Background: Undernutrition in older persons has been linked with longer hospital stays and greater mortality, and up to 71 percent of older persons requiring hospitalization are believed to be at nutritional risk. A recent review found that nutritional supplementation significantly reduced mortality rates among undernourished patients; however, it is unknown if individualized nutrition therapy during and after hospitalization can also reduce mortality. Feldblum and colleagues investigated the effect of individualized nutrition interventions on mortality and nutritional outcomes in hospitalized older adults.
The Study: A total of 259 newly hospitalized patients 65 years or older were enrolled in the study. Those who were determined to be at nutritional risk according to their Mini Nutritional Assessment score and those who lost more than 10 percent of their body weight in the past six months were eligible to participate. Exclusion criteria included cognitive impairment (Mini-Mental State Examination score of less than 23) or a current diagnosis of cancer.
Patients were randomized to receive one of three nutrition interventions: standard hospital care, a single in-hospital dietitian visit, or an in-hospital dietitian visit plus three home dietitian visits postdischarge that included an individualized nutrition plan and patient and caregiver reinforcement. Nutrition interventions were based on recommendations of the Nutrition Screening Initiative, a project of the American Academy of Family Physicians, the American Dietetic Association, and the National Council on Aging. Patients were followed for six months after hospital discharge and were monitored for functional and cognitive status. The data from both hospital-only intervention groups were combined and compared with the data from the home-visit group.
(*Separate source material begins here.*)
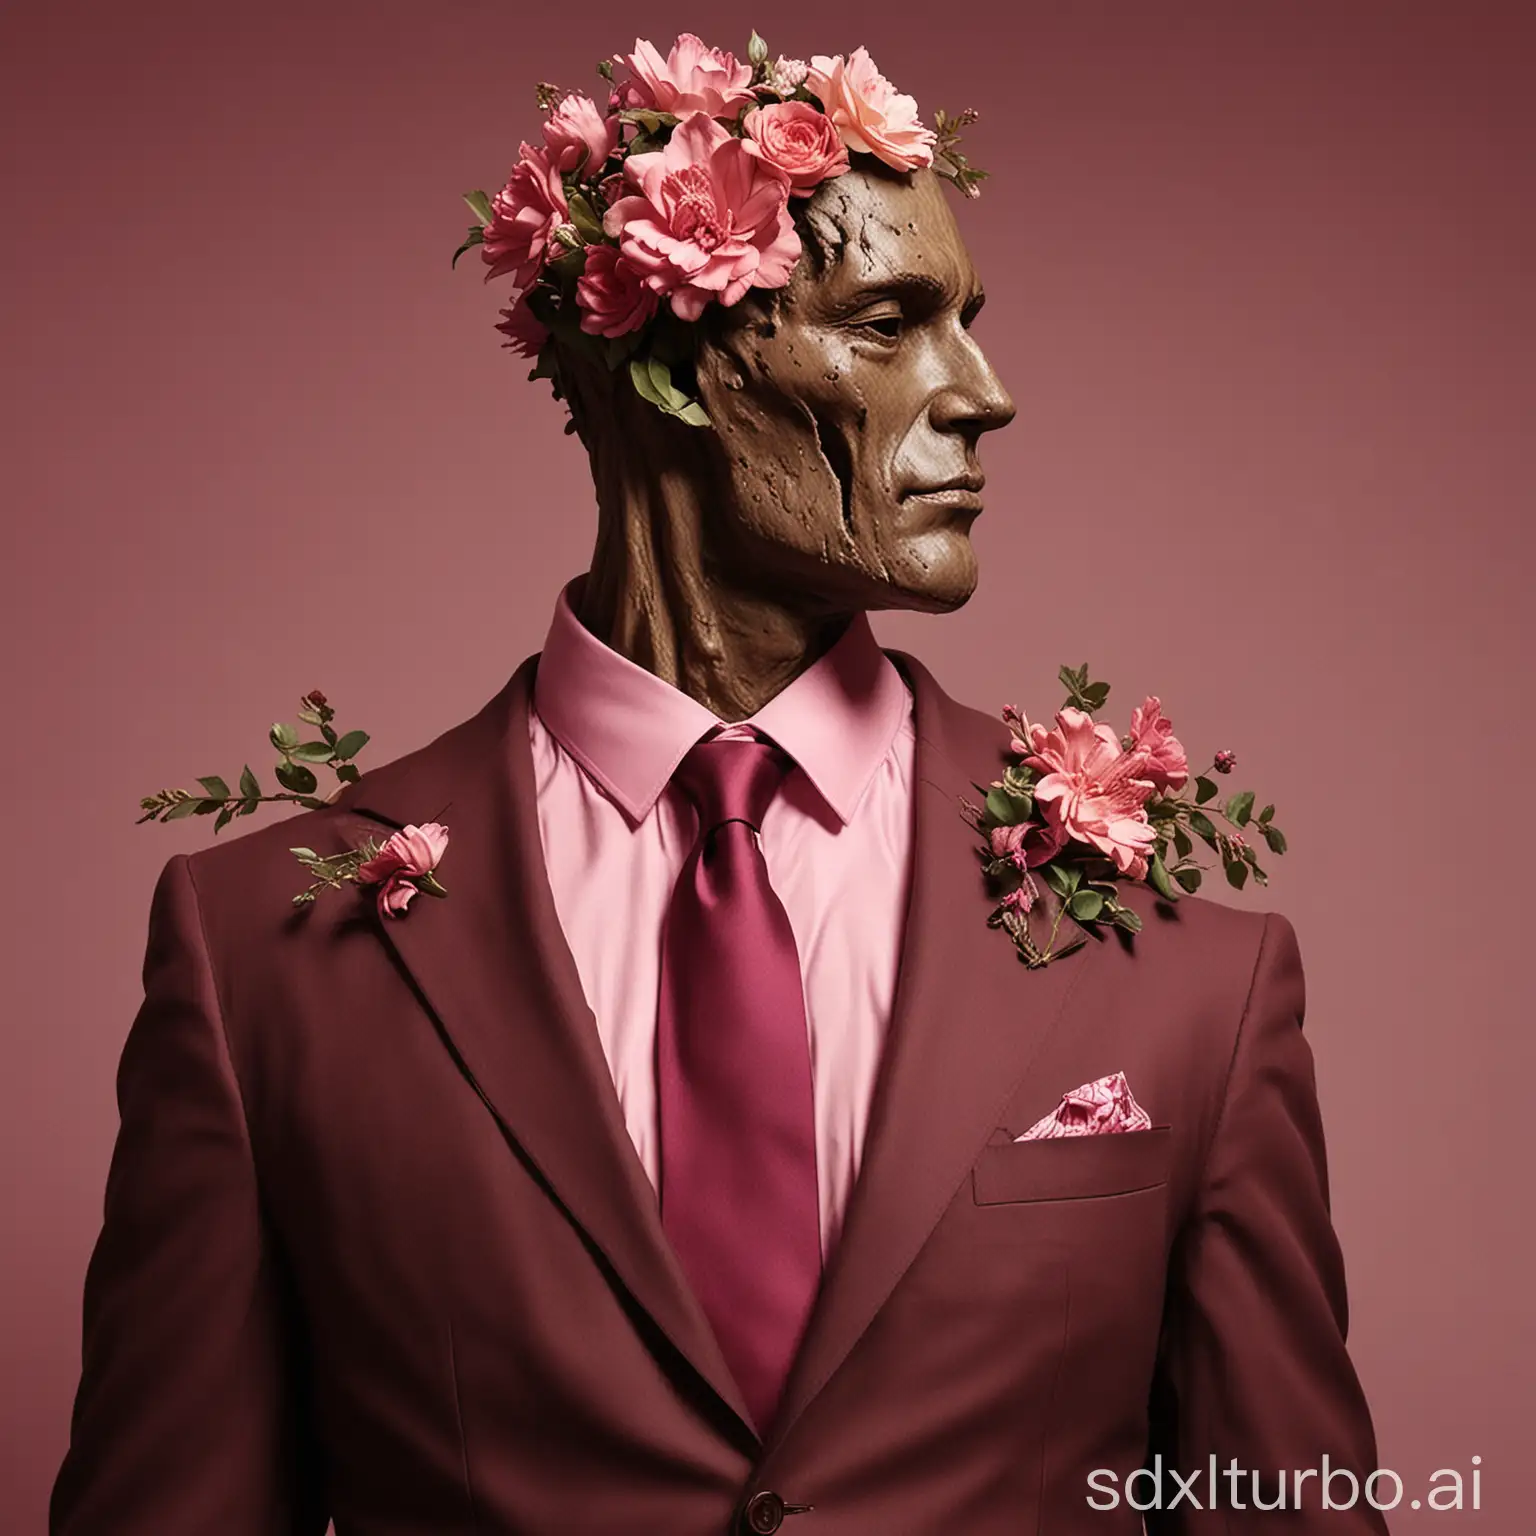 Generate an illustration depicting a headless man wearing a brown suit, with flowers blooming from his neck area upwards to take the place of his head and face. Render the flowers in vibrant pink hues against the dark brown suit. Maintain the vintage, slightly abstracted artistic style seen in the reference image to capture that nostalgic aesthetic. Render details of the man's suit and pink tie clearly while focusing rendering of the unique floral head features. Place the suited figure against a deep maroon backdrop for contrast and to complement the floral elements.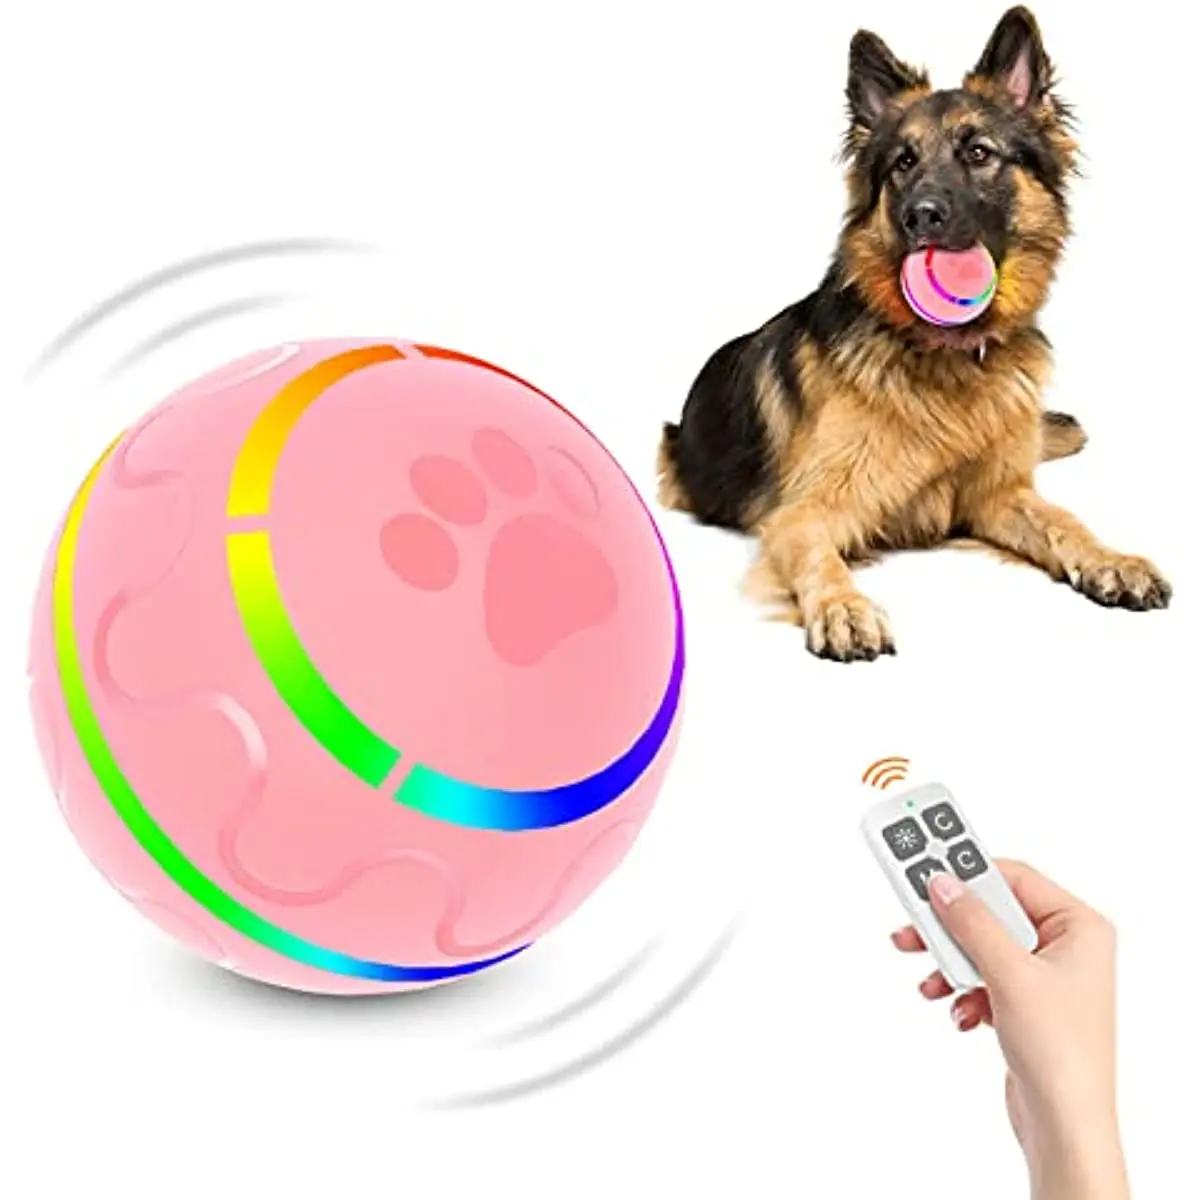 A pink flashing ball with a remote control next to a big pup's paw.

Results: No differences were noted among the groups regarding functional or cognitive status; however, significantly fewer patients in the home-visit group had died after six months than in the other two groups combined (3.8 versus 11.6 percent mortality, respectively; P = .046). There was also moderately greater improvement in nutritional status in the home-visit group (the score of the Mini Nutritional Assessment increased from baseline by 3.0 ± 2.6 versus 1.8 ± 3.0 for the other two groups combined; P = .004). The home-visit group also had a significantly lower incidence of hypoalbuminemia (i.e., serum albumin level of less than 3.5 g per dL [35 g per L]) after six months than did the other two groups combined (9.7 versus 22.9 percent, respectively; P = .03).
Conclusion: Individualized nutrition treatment during and after acute hospitalization reduces six-month mortality and moderately improves nutritional status among older adults at nutritional risk, compared with inhospital management.